UK Sport dropped badminton, archery, fencing, goalball, table tennis, weightlifting and wheelchair rugby from the funding programme for the four years through to Tokyo 2020.
Each of the affected sports has appealed against the decision and those appeals will be heard on Monday and Tuesday.
Badminton's case is expected to be one of the strongest as they did come back from Rio 2016 with a medal, Marcus Ellis and Chris Langridge securing a bronze in the men's doubles competition.
They had already received a funding cut from £7.4m to £5.9m for the four years after London 2012, when badminton provided no medals.
Adrian Christy, chief executive of Badminton England, said: "There is one fundamental focus, to demonstrate we have got medal-winning potential for Tokyo.
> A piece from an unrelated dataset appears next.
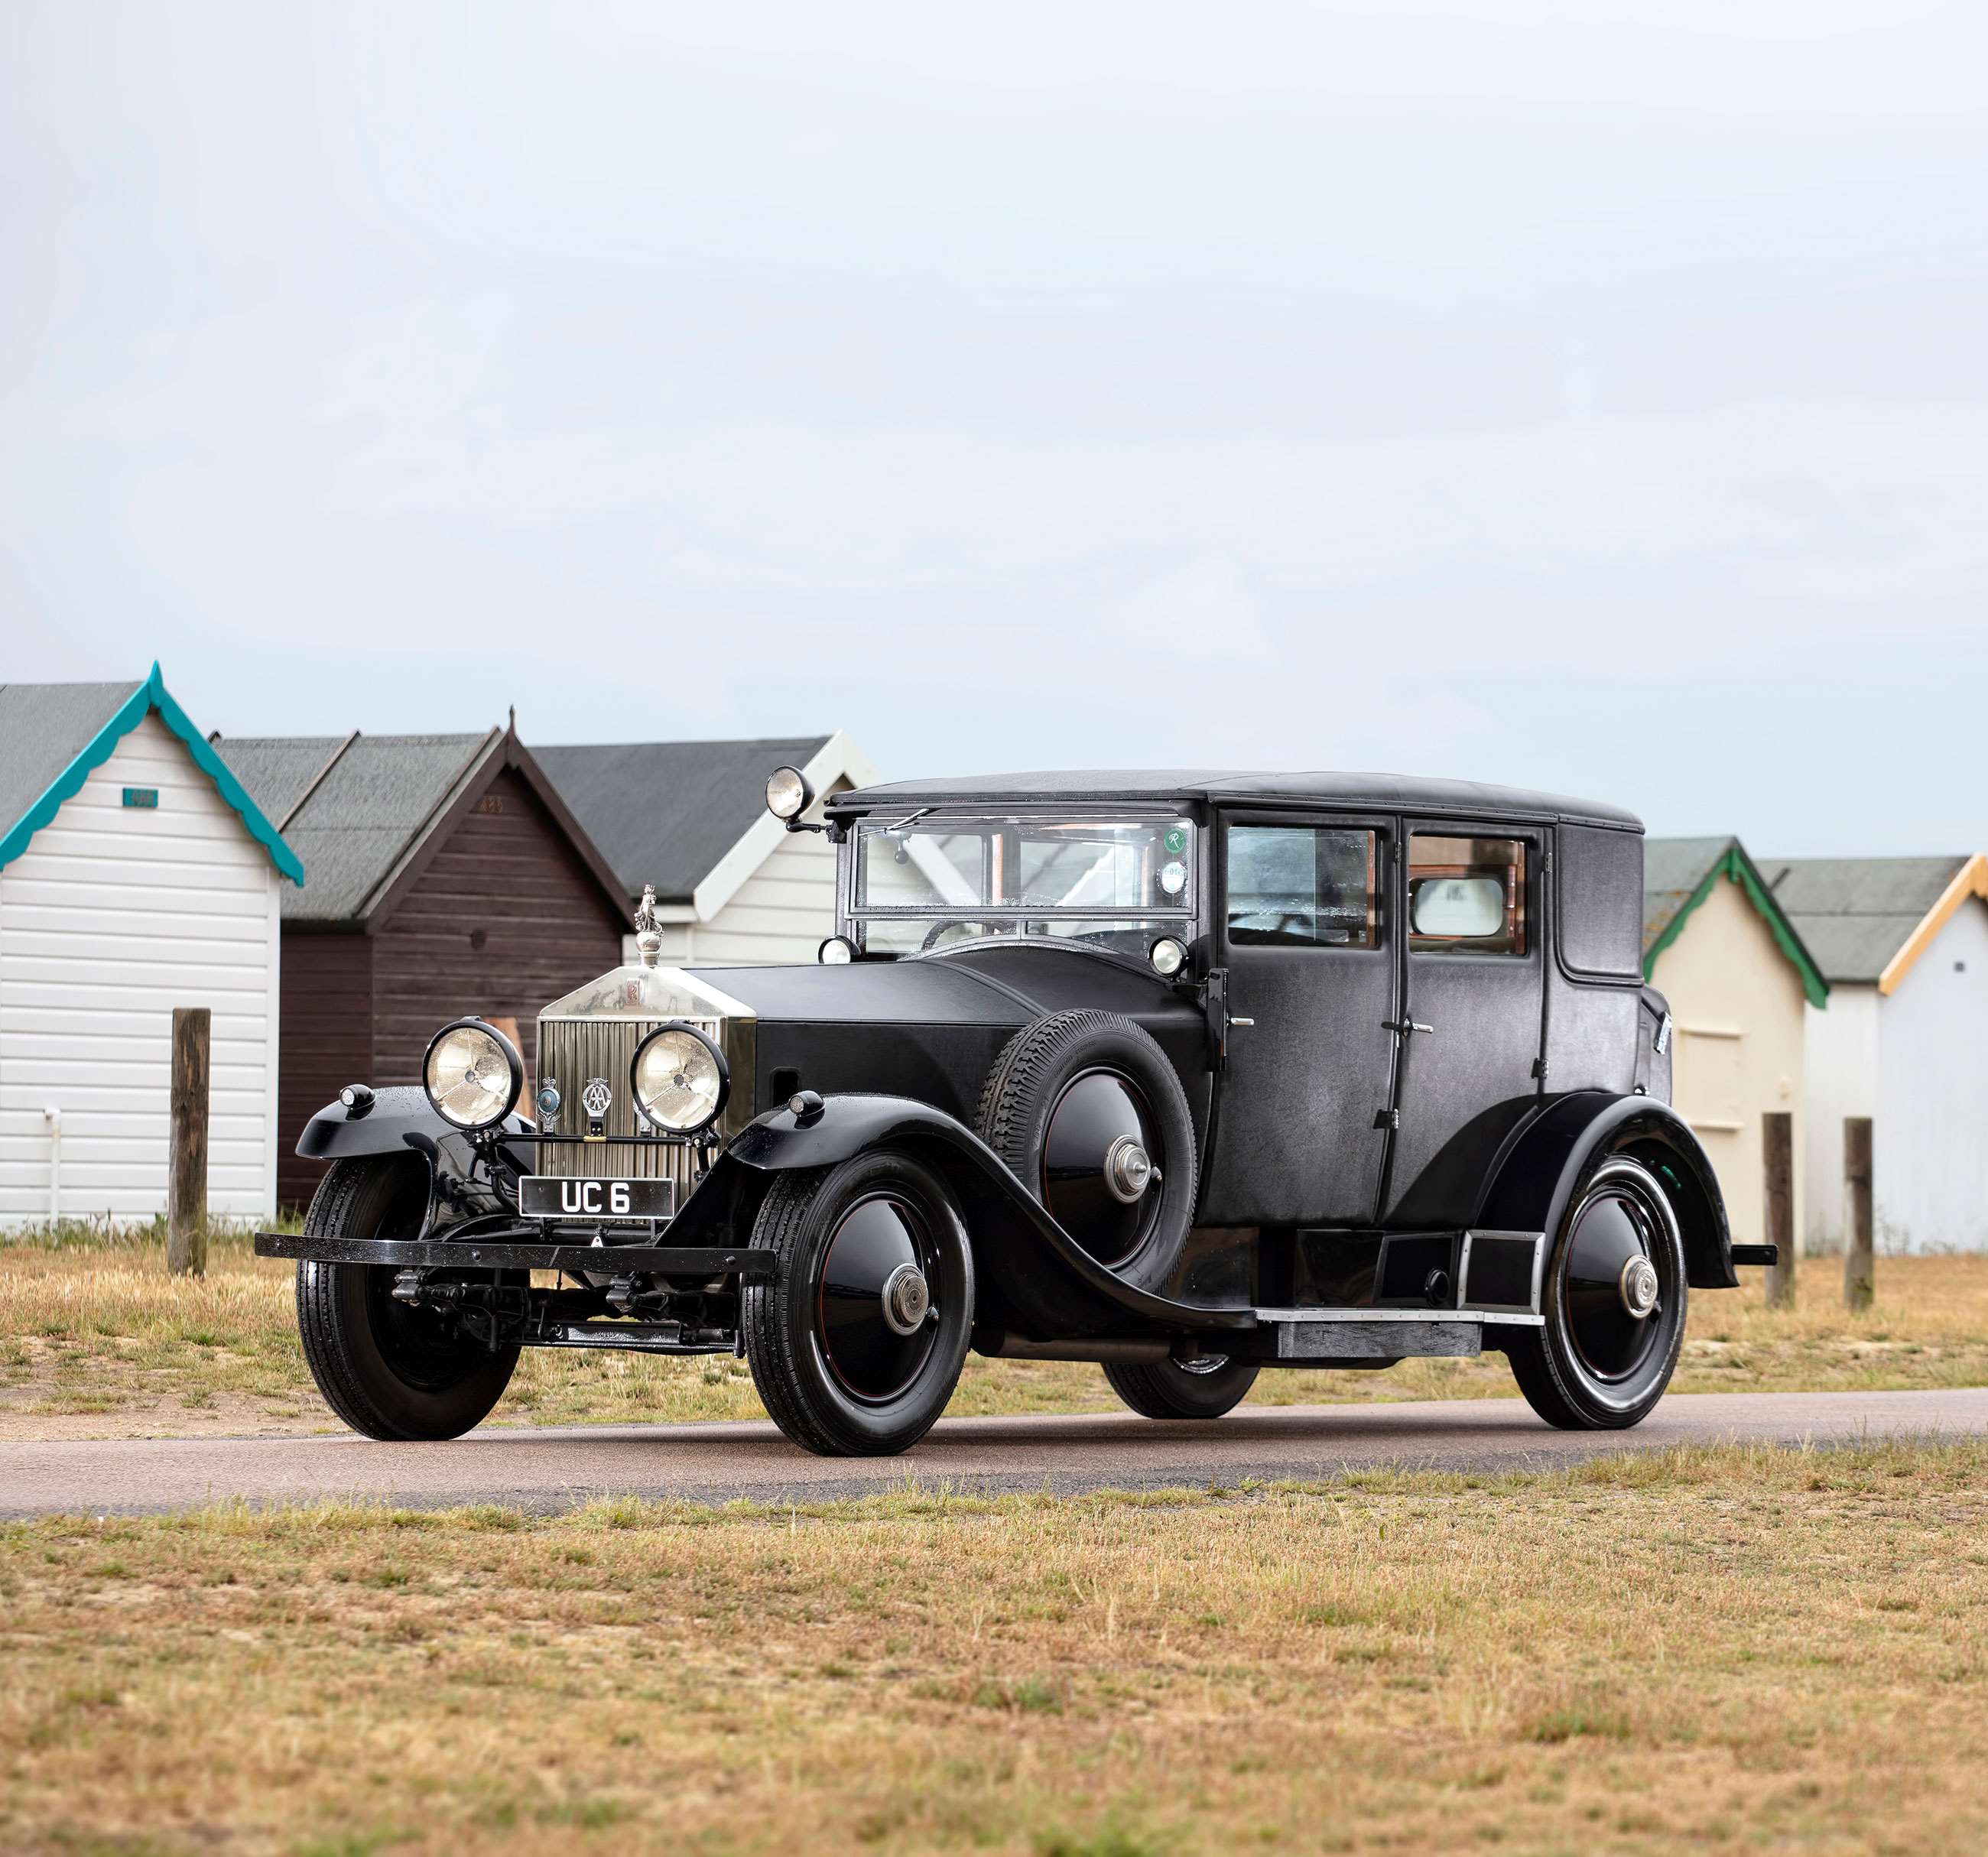 Legendary Rolls Royce 20 HP or Twenty turns 100 years old today   Overdrive
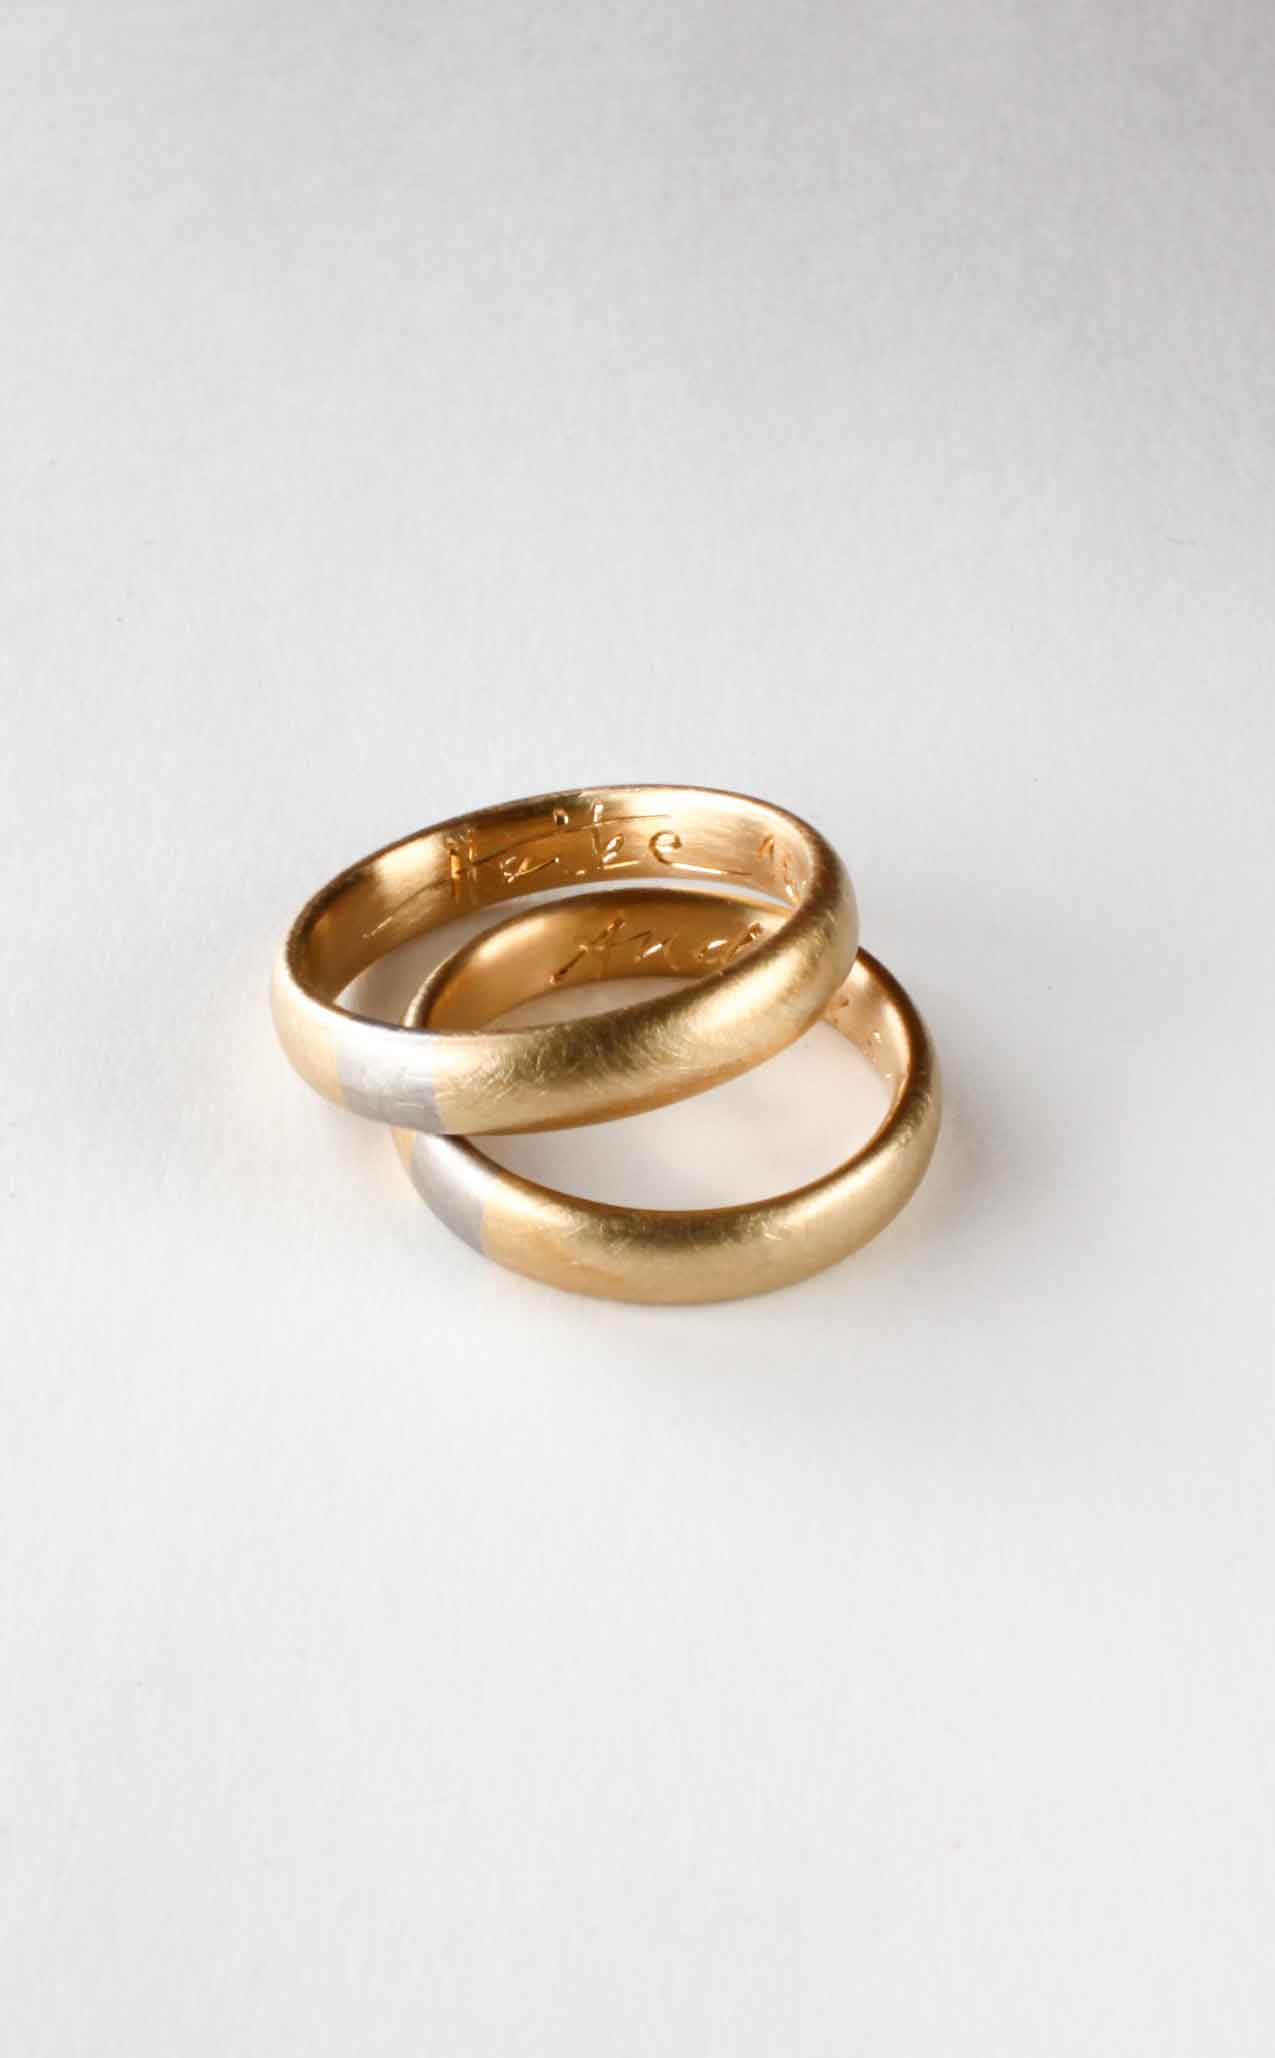 Weddingrings gold ethical yellow and white gold.

"With the way UK Sport operate it is all about medals and on-court success, and we have already proved we can win medals.
"Chris and Gabby (Adcock), and Marcus and Chris have already shown they can deliver at the very highest level. Three of them will be at their peak age when we go to Tokyo.
"There is no reason these players can't go on and deliver in Tokyo and we think we have the evidence to prove that.
"The support we have had has been phenomenal. We have just got to harness all of that and hope the noise is loud enough to change minds."
This week's hearings are just the first stage of the appeal process - if the sports make a case the funding decision will be referred back to the UK Sport management team.
Further appeals, in the case of rejection, would have to be taken to Sport Resolutions UK, the independent dispute resolution service for sport in the United Kingdom.